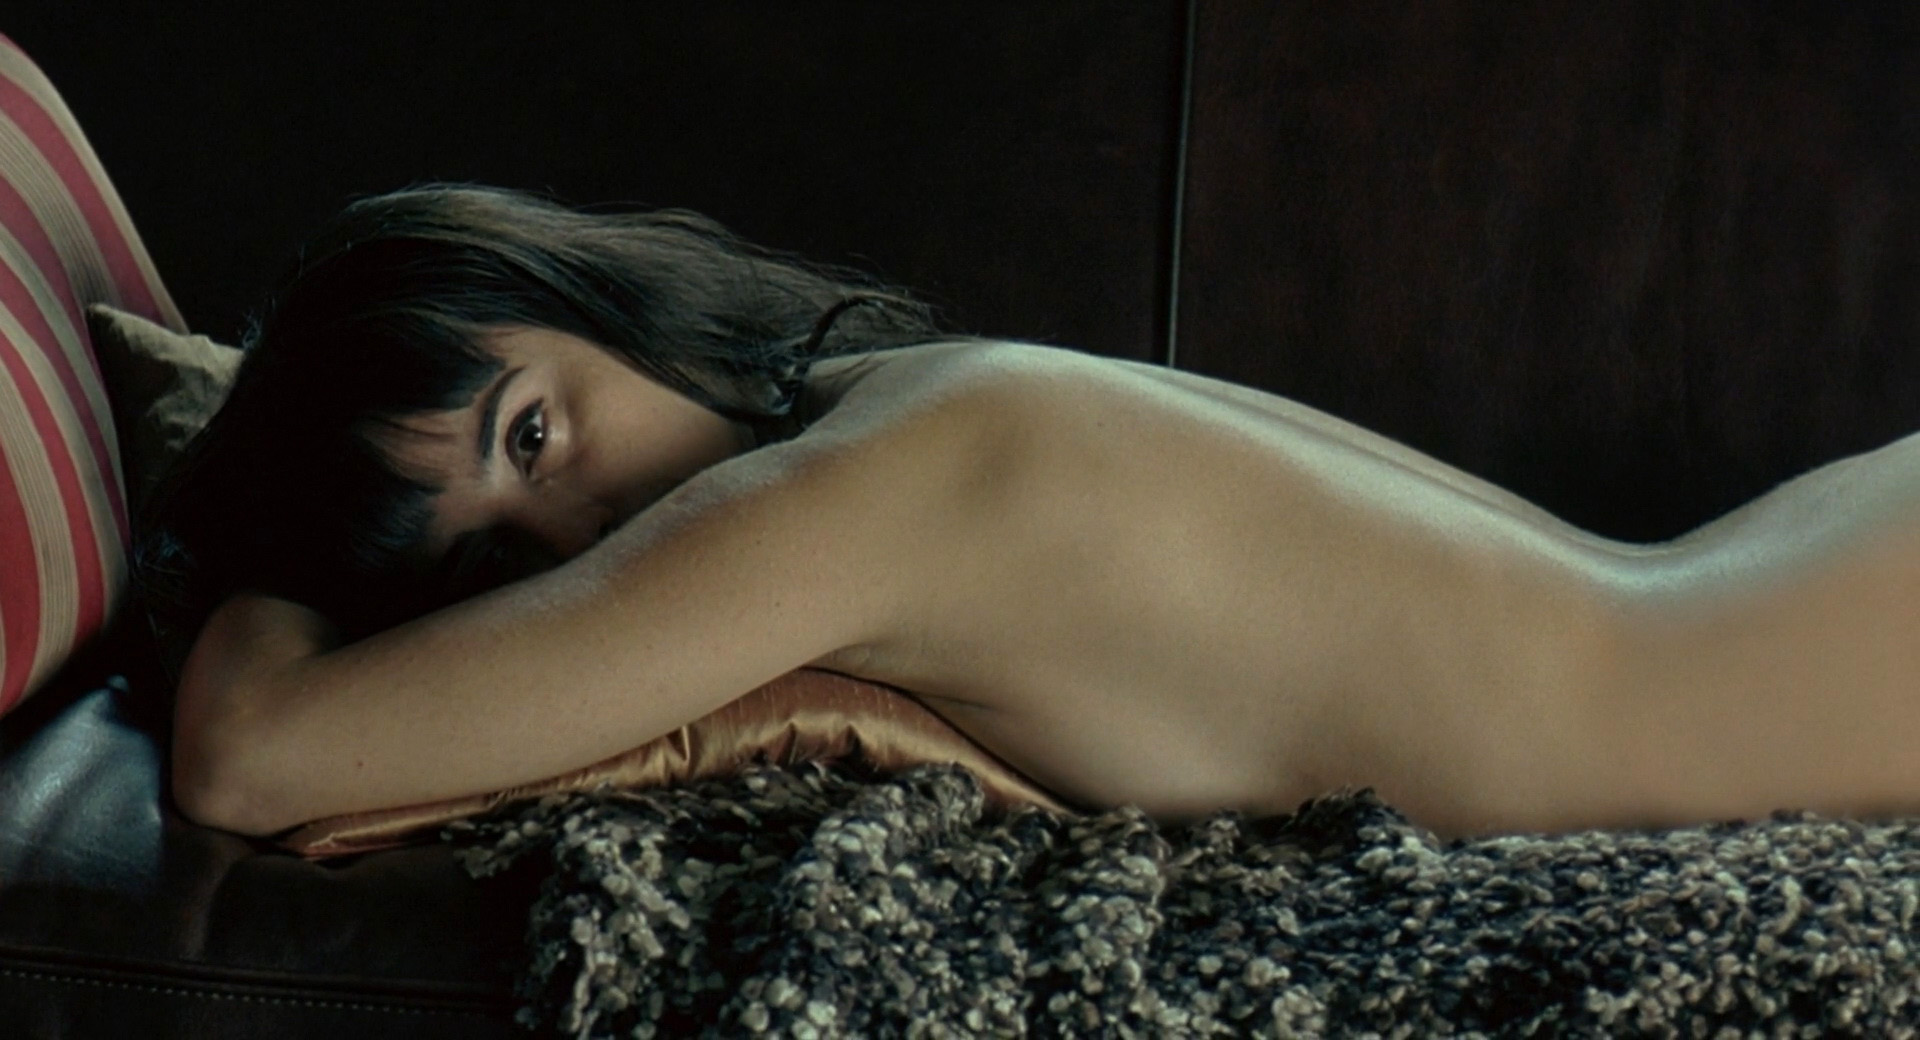 Penelope cruz sexy nude scenes image
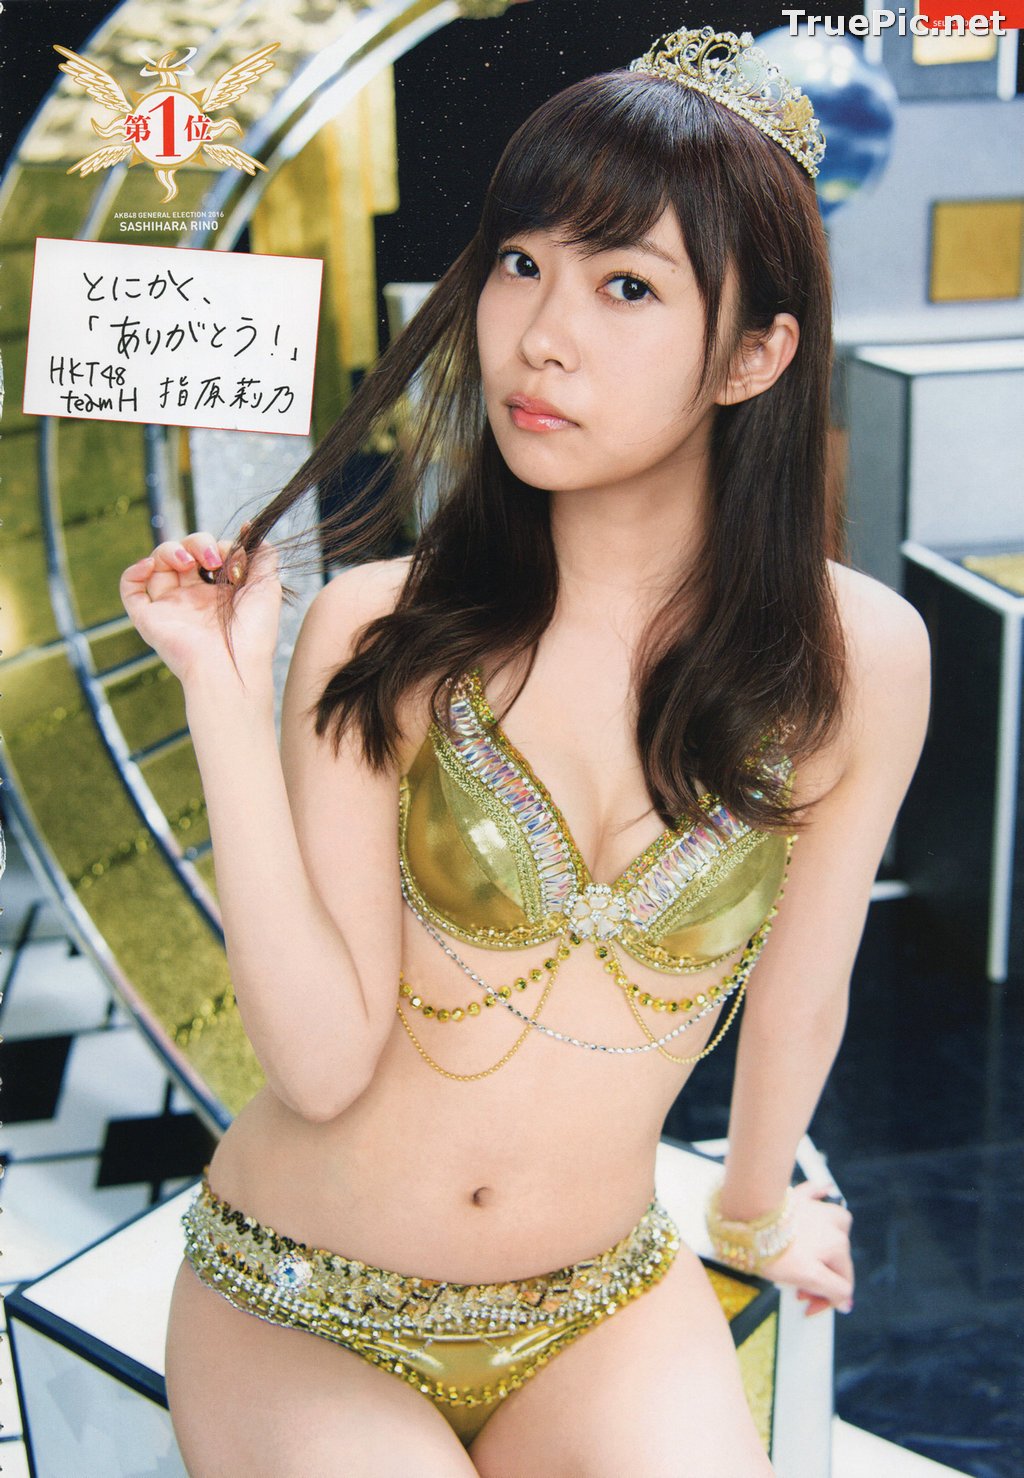 Image AKB48 General Election! Swimsuit Surprise Announcement 2016 - TruePic.net - Picture-20
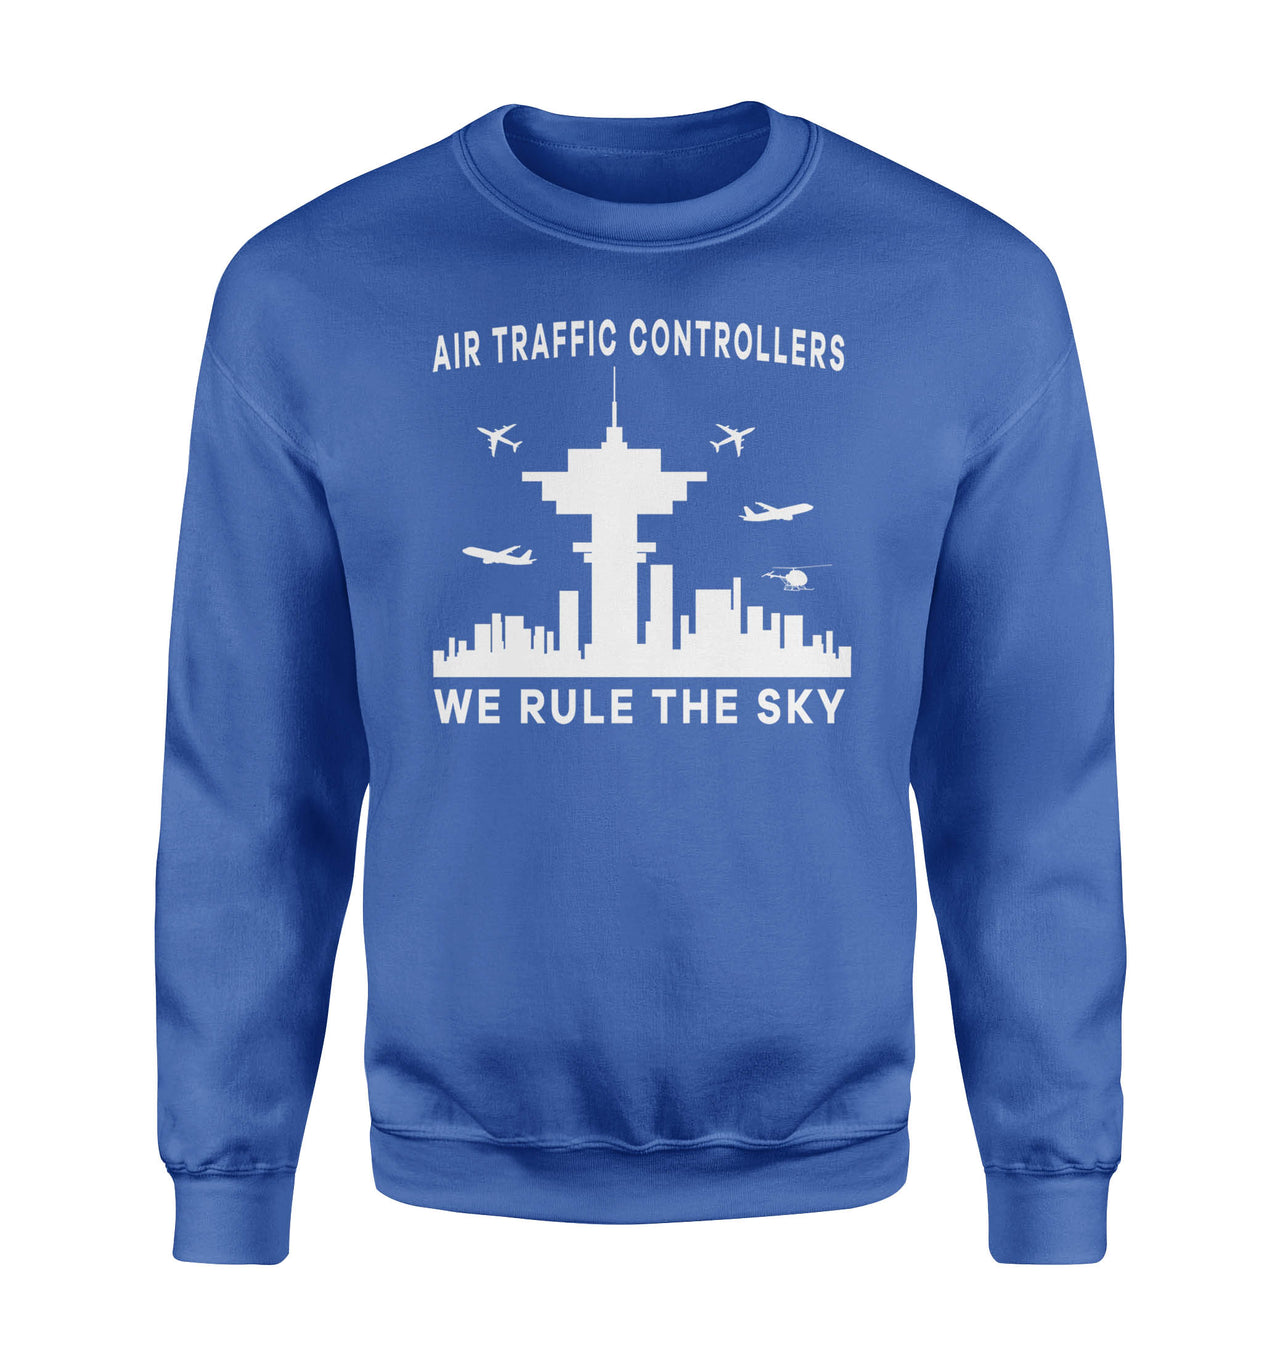 Air Traffic Controllers - We Rule The Sky Designed Sweatshirts
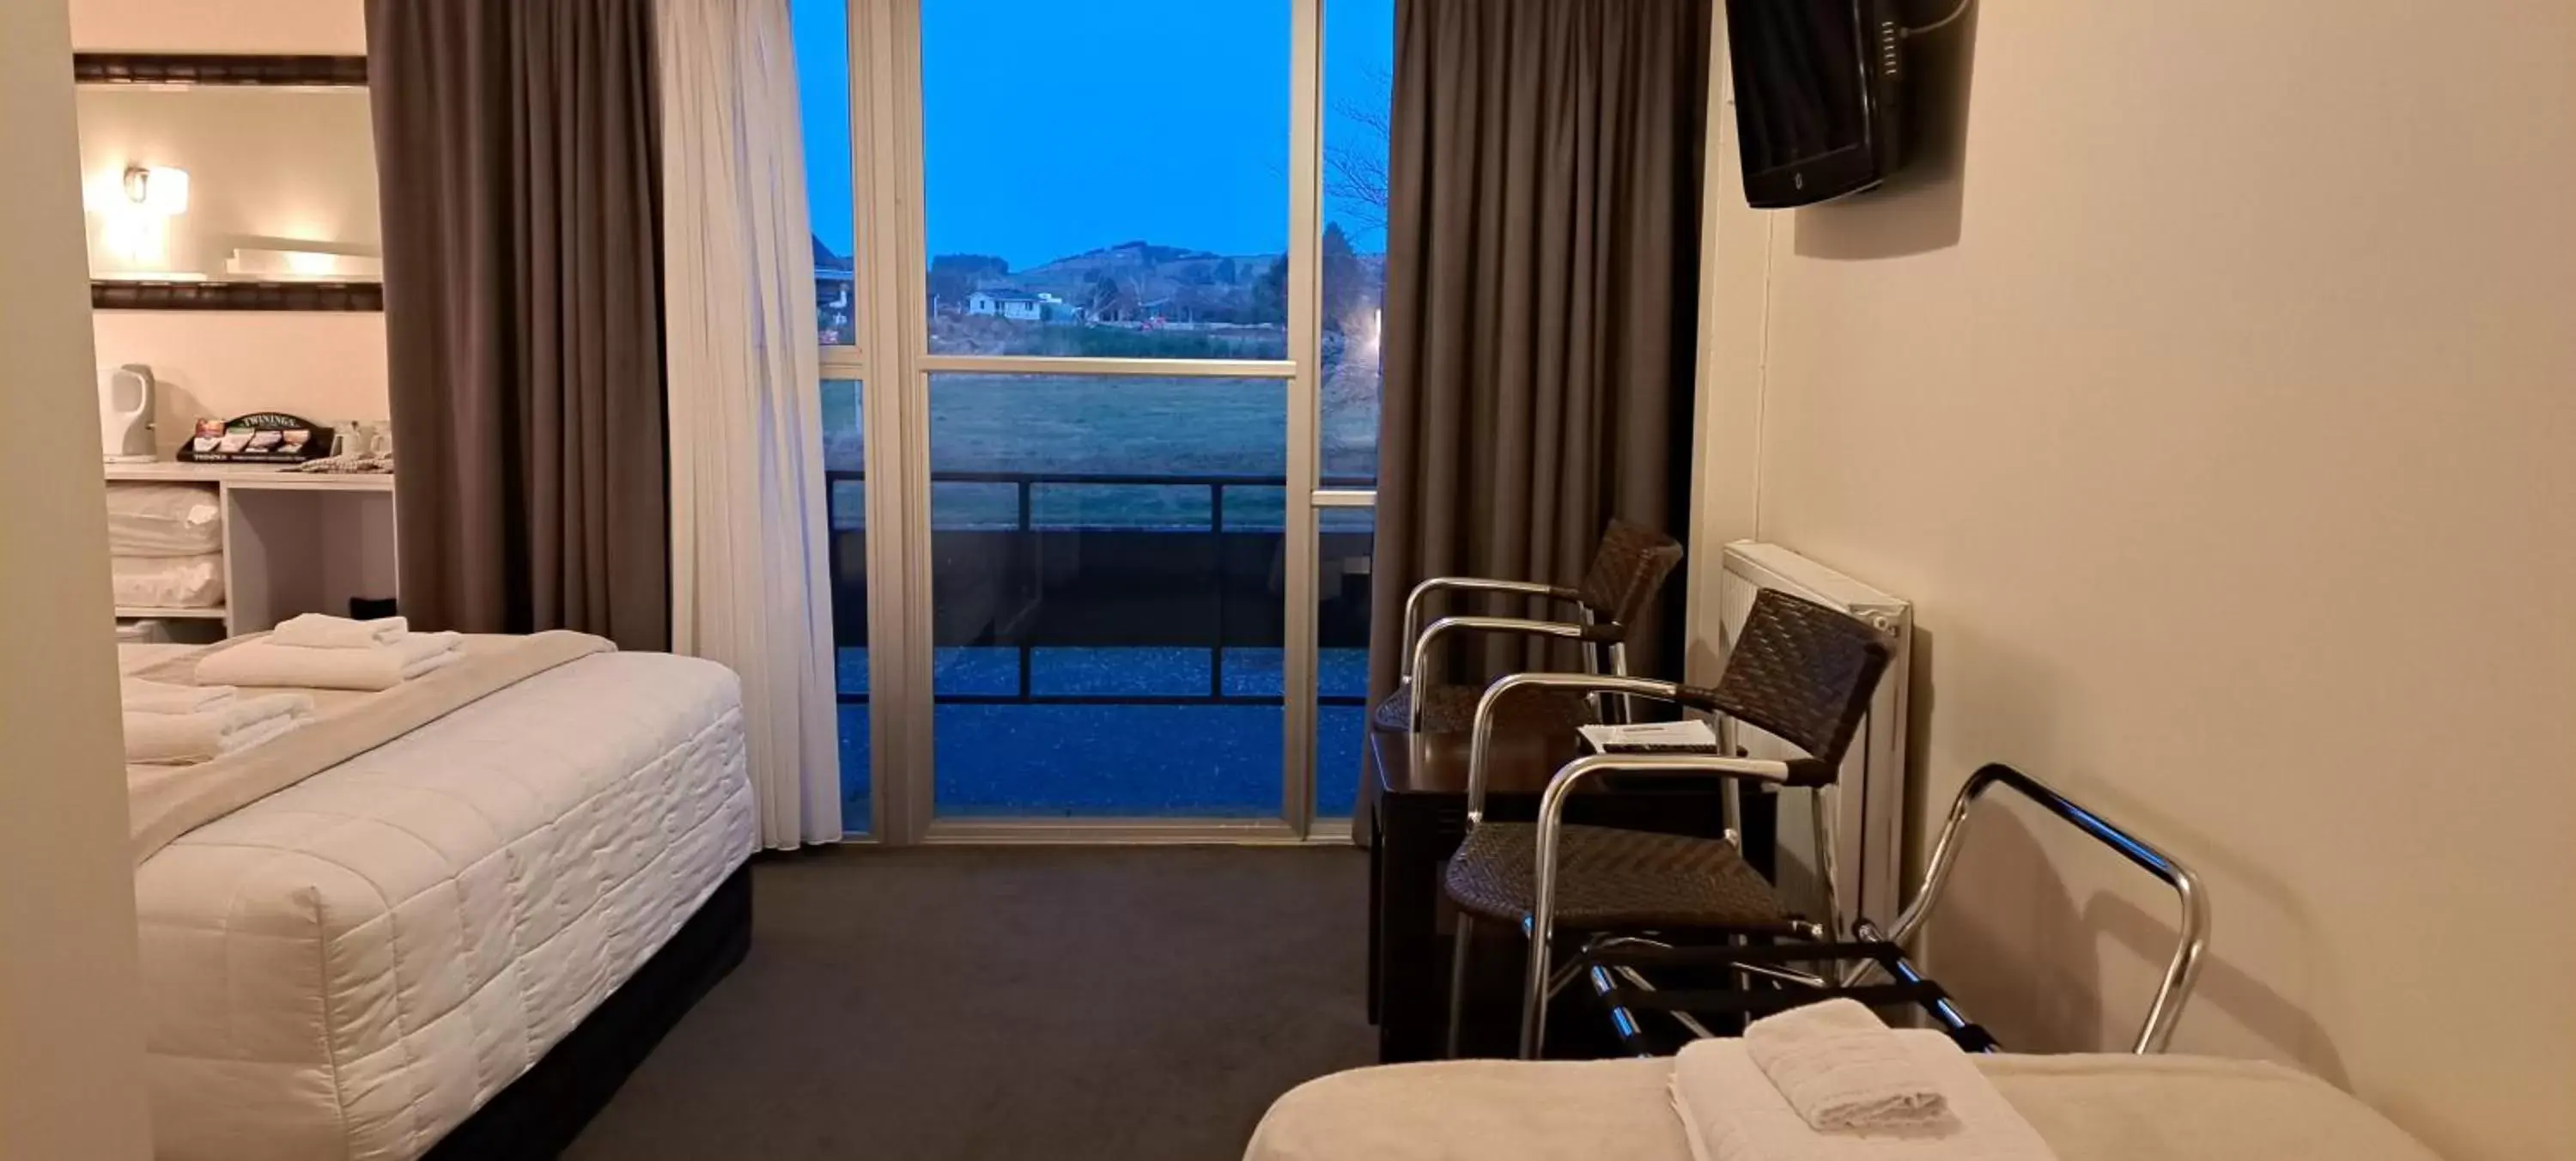 Bedroom in Fiordland Hotel
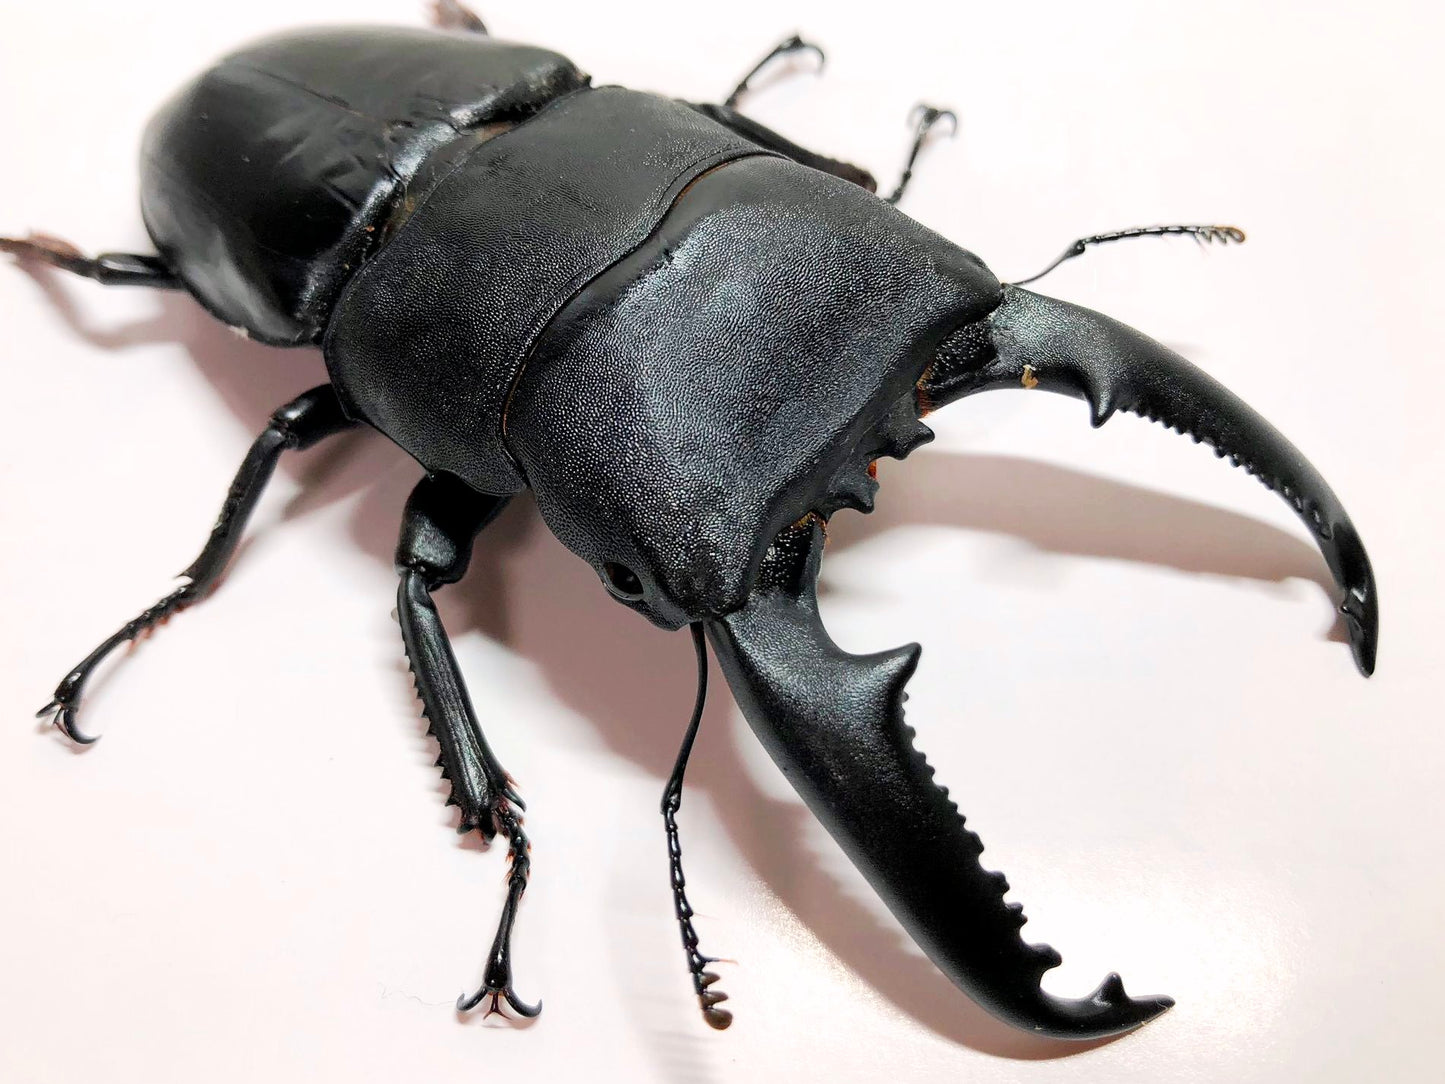 ⨂ ADULTS - Palawan Stag Beetle, (Dorcus palawanicus)

^^^^

* Exercise instructions
Wherever a picture appears in the records, omit it, and transcribe everything else exactly.

* Exercise result
 Penelope cruz sexy nude scenes image
 Image AKB48 General Election! Swimsuit Surprise Announcement 2016 - TruePic.net - Picture-20
 Air Traffic Controllers - We Rule The Sky Designed Sweatshirts
 Bedroom in Fiordland Hotel
 ⨂ ADULTS - Palawan Stag Beetle, (Dorcus palawanicus)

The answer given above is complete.